Dragi Kanatlarovski

Personal information
- Full name: Dragi Kanatlarovski
- Date of birth: 8 November 1960 (age 65)
- Place of birth: Bitola, PR Macedonia, FPR Yugoslavia
- Height: 1.82 m (5 ft 11+1⁄2 in)
- Position: Midfielder

Senior career*
- Years: Team / Apps / (Gls)
- 1978–1985: Pelister / 98 / (10)
- 1985–1989: Vardar / 88 / (11)
- 1989–1990: Red Star Belgrade / 29 / (1)
- 1990–1992: Deportivo La Coruña / 56 / (1)
- 1992–1993: Pelister / 12 / (0)
- 1993–1994: Karşıyaka / 13 / (0)
- 1994–1995: Pobeda
- Total:  / 296 / (23)

International career
- 1990: Yugoslavia / 1 / (0)
- 1993–1995: Macedonia / 9 / (2)

Managerial career
- 1995–1996: Pobeda
- 1996: Belasica
- 1997: Vardar
- 1999–2000: Pobeda
- 1999–2001: Macedonia
- 2001–2002: Belasica
- 2002: Kumanovo
- 2003–2004: Pobeda
- 2003–2005: Macedonia
- 2005–2007: Vardar
- 2008: Lokomotiv Plovdiv
- 2011: Lokomotiv Plovdiv
- 2013–2014: Spartak Subotica
- 2014: Novi Pazar
- 2015: Velež Mostar
- 2016–2018: Lovćen

= Dragi Kanatlarovski =

Macedonian footballer and manager

Dragi Kanatlarovski (Драги Канатларовски; born 8 November 1960) is a Macedonian football manager and former player. He represented both the Yugoslavia national team and the Macedonia national team.

==Name issue==
His original name is Dragi and not Dragan as he is often mistaken for. The confusion happens since in North Macedonia Dragi is one of the nicknames for those who are called Dragan, but not in this case. Similar problem has the current goalkeeper of the Macedonia national team, Tome Pačovski who is mistaken for Tomislav.

==Playing career==
Born in Bitola, SR Macedonia, he played for his hometown club FK Pelister before moving to FK Vardar where he will play four seasons. In 1989, he moved to Red Star Belgrade. He played one season in Belgrade, but it was enough to win the double, the Yugoslav Championship and the Yugoslav Cup. After that season he moved to Spain where he was Segunda División runner-up in summer 1991 and helped Deportivo La Coruña to be promoted back to La Liga where he played in the 1991–92 season, having reached the Spanish Cup semi-finals.

=== International career ===
He earned his only cap for SFR Yugoslavia against Poland, in a friendly held on 28 March 1990. After the dissolution of Yugoslavia he represented Macedonia having played nine matches, scoring twice, between 1993 and 1995. He played in the first ever official match of Macedonia, played on 13 October 1993, against Slovenia.

==International goals==
Scores and results list Macedonia's goal tally first.

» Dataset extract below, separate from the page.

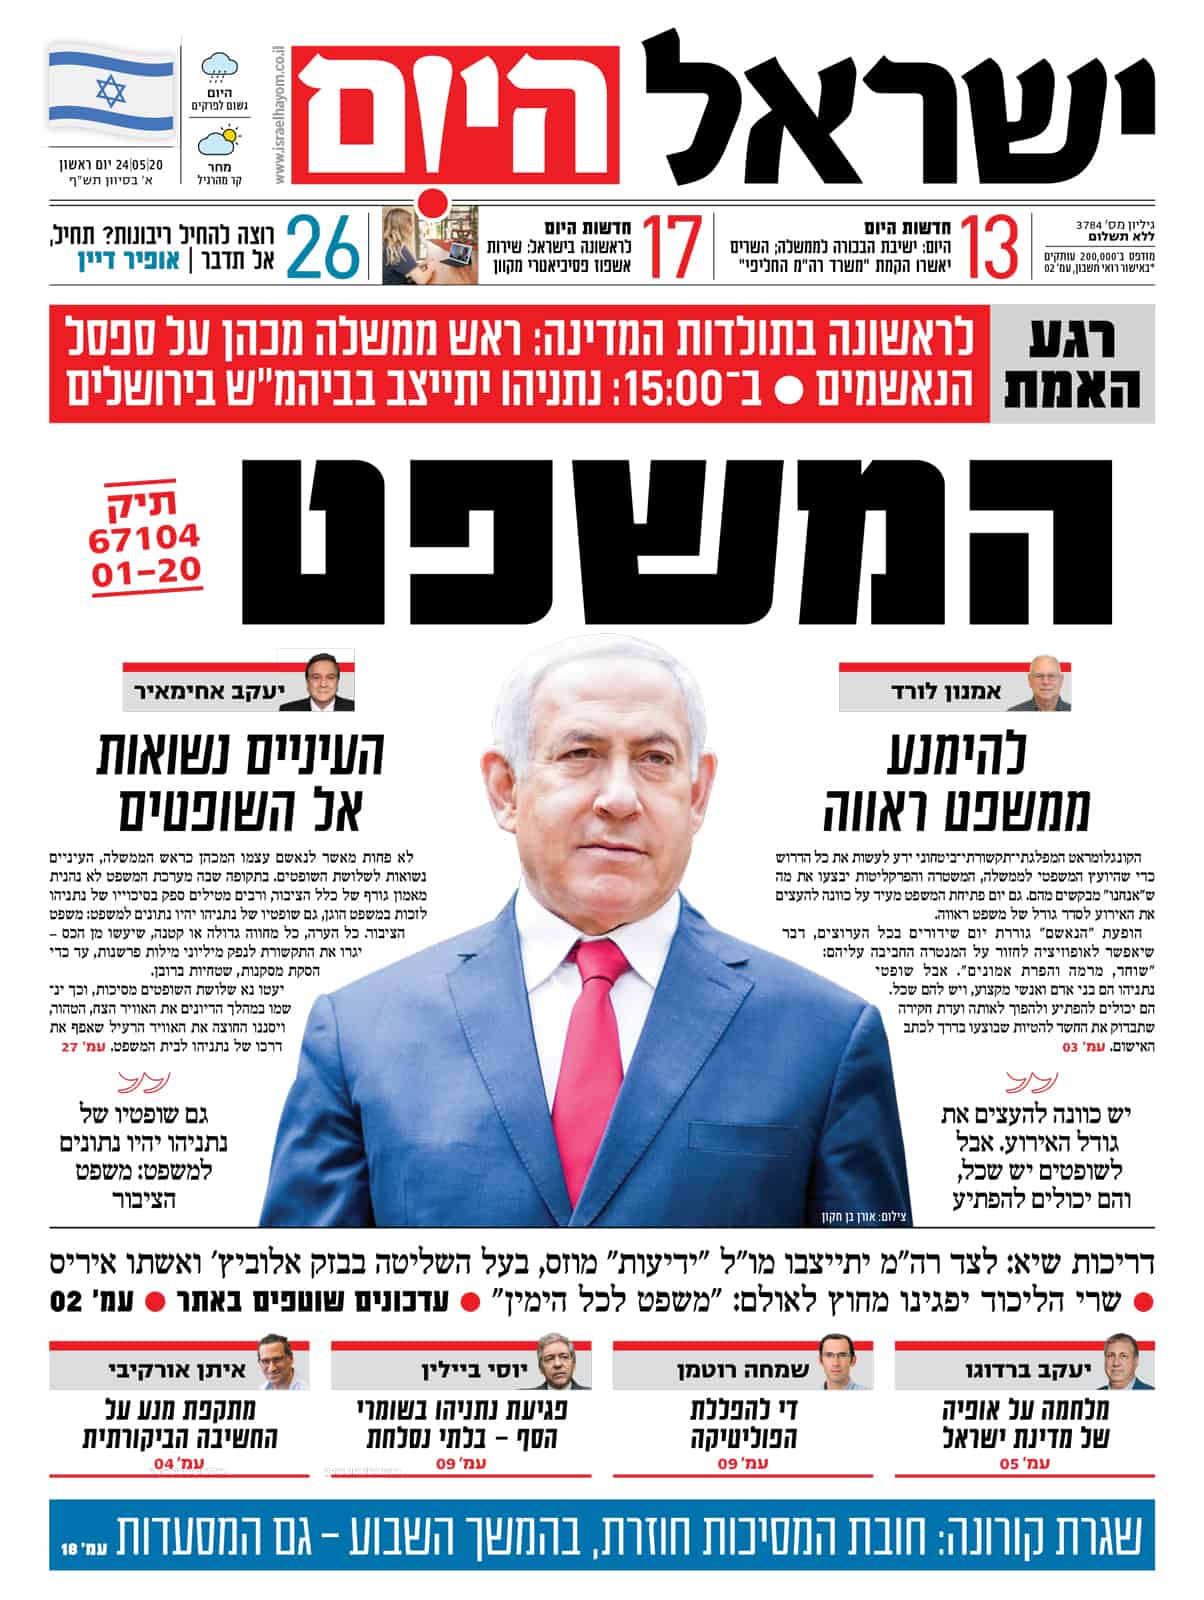 שער עיתון ישראל היום ב-24 במאי 2020

| # | Date | Venue | Opponent | Score | Goals | Competition |
|---|---|---|---|---|---|---|
| 1. | 13 October 1993 | Stanko Mlakar Stadium, Kranj, Slovenia | Slovenia | 4–1 | 51' | Friendly |
| 2. | 1 June 1994 | Philip II Arena, Skopje, Republic of Macedonia | Estonia | 2–0 | 36' | Friendly |

==Honours==
  - Championship
- Pelister :1982
- Red Star :1990
  - Cup
- Pelister :1985
- Red Star :1990

==Coaching career==
He has been the coach of the Republic of Macedonia twice. He first spell ended due to Republic of Macedonia not qualifying for World Cup 2002. He then became coach of FK Belasica but sacked again in June 2002. In September 2002, he was appointed by FK Kumanovo, then FK Pobeda in December. until June 2003 as coach of both national side and the club. He became full-time national team coach in January 2004.

His second spell ended because of poor results in World Cup 2006 qualifying matches, especially losing to Andorra. He was then replaced by Slobodan Santrač.

He became FK Vardar coach in December 2005.

In 2008, he became coach of Lokomotiv Plovdiv.